The good news for anyone that jumped into the mini-notebook fray with the original Eee 701, is that things have improved. Major annoyances like screen size, impossible to use keyboards and battery life are largely being resolved.

Out of the box, our first impressions of the Inspiron Mini 9 are positive. For the most part the Dell does its job - you won't go wrong if all you need is a portable machine for Web and email.

That's not to say it's perfect - the most noticeable consideration being the lack of Linux as an option in the initial launch model.

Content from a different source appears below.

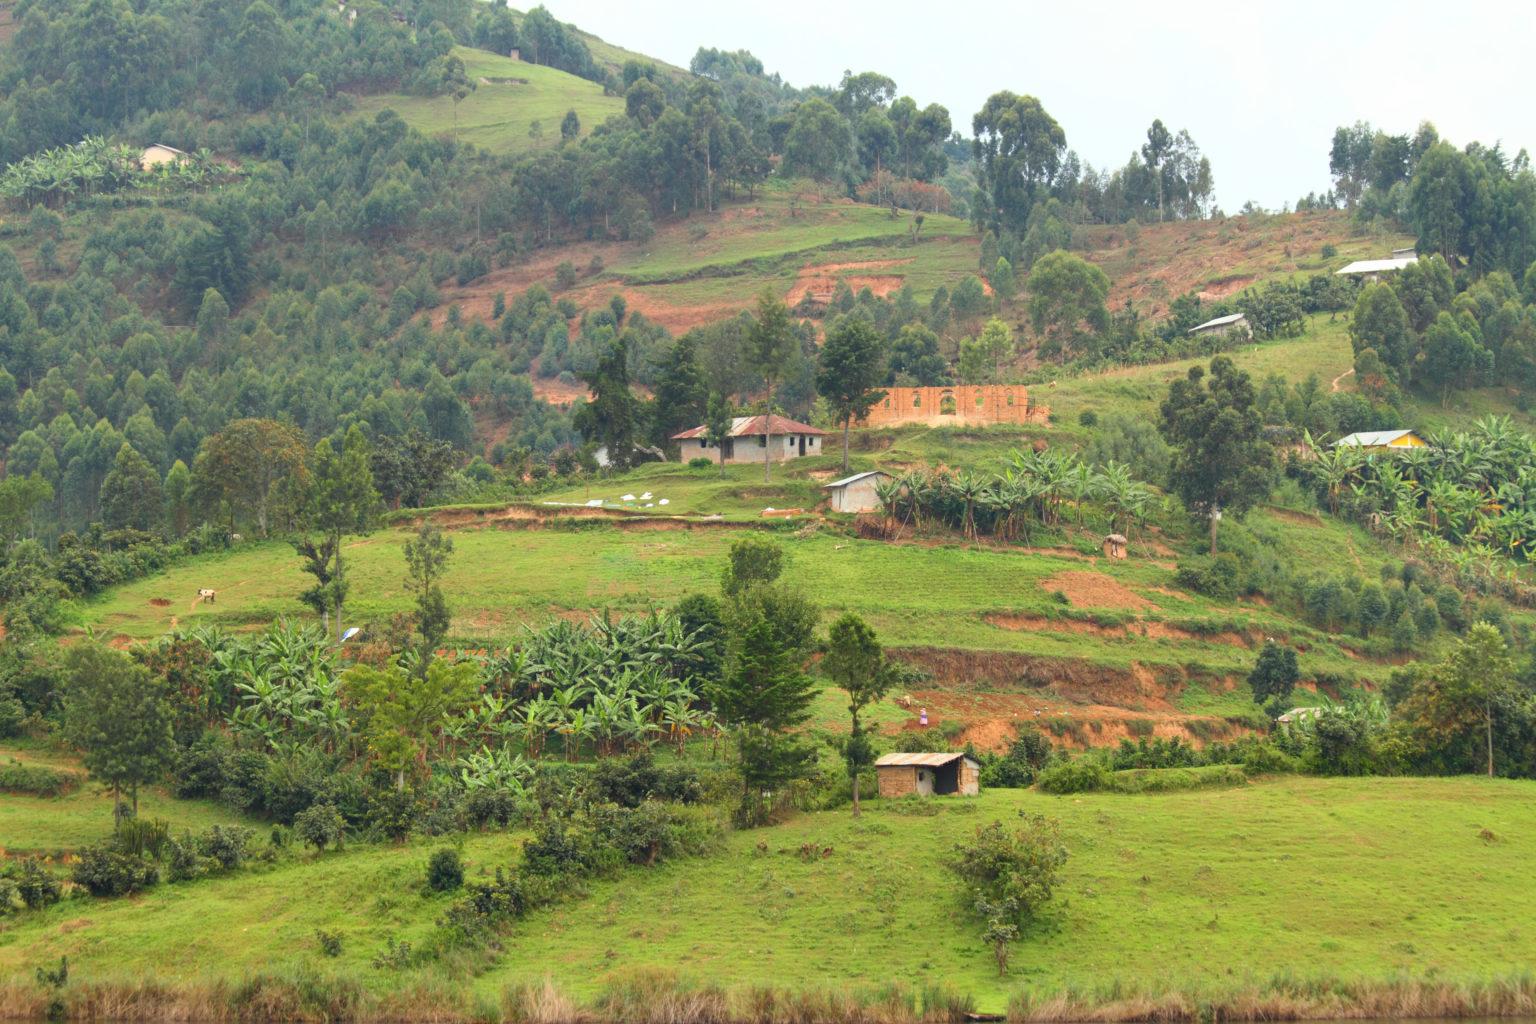 Rural farm communities on Lake Bunyoni Uganda

Something to keep in mind if you're set on a Linux portable.

[UPDATE: We've posted a photo gallery showing the Dell Inspiron Mini 9 side by side with the Acer Aspire One]

Dell's Inspiron Mini 9 - about the same size as the Acer Aspire One
Dell's Inspiron Mini 9 - about the same size as the Acer Aspire One


Performance
Our only major worry after our initial test. The Dell handles XP, but our review sample was laggy, struggling to cope opening more than a couple of IE tabs at any one time. We've found similar lag with Atom on other XP laptops, such as the Wind. It's not a huge problem, but it is annoying.

The Inspiron Mini 9 has three USB ports, though no ExpressCard
The Inspiron Mini 9 has three USB ports, though no ExpressCard


Screen
The 8.9inch screen is good, better than the Eee 701. Still, it's not as big as the Wind or Acer Aspire One, which both have bigger screens. For some reason Dell has also gone with a gloss screen - we're wondering if a matte finish might have been a better choice for a machine that'd bound to be used in a variety of lighting conditions.

Storage
Anther big difference between the Dell and some rivals. Here you get 16GB SSD. Competing machines come with either SSD (like the Lenovo S10) or a hard drive option - 80GB for the Lenovo S10, 120GB for the Acer Aspire One, or 80GB for the MSI Wind.

Keyboard
Another tricky challenge for the Dell, considering the tiny size of the Inspiron Mini 9. They've done a good job, eliminating the Fn keys and squeezing in a keyboard with oversized keys that maxmises the width and height available. Still, it's not as easy to type on as larger keyboard like that on the HP Mini Note or MSI Wind (our personal favourite).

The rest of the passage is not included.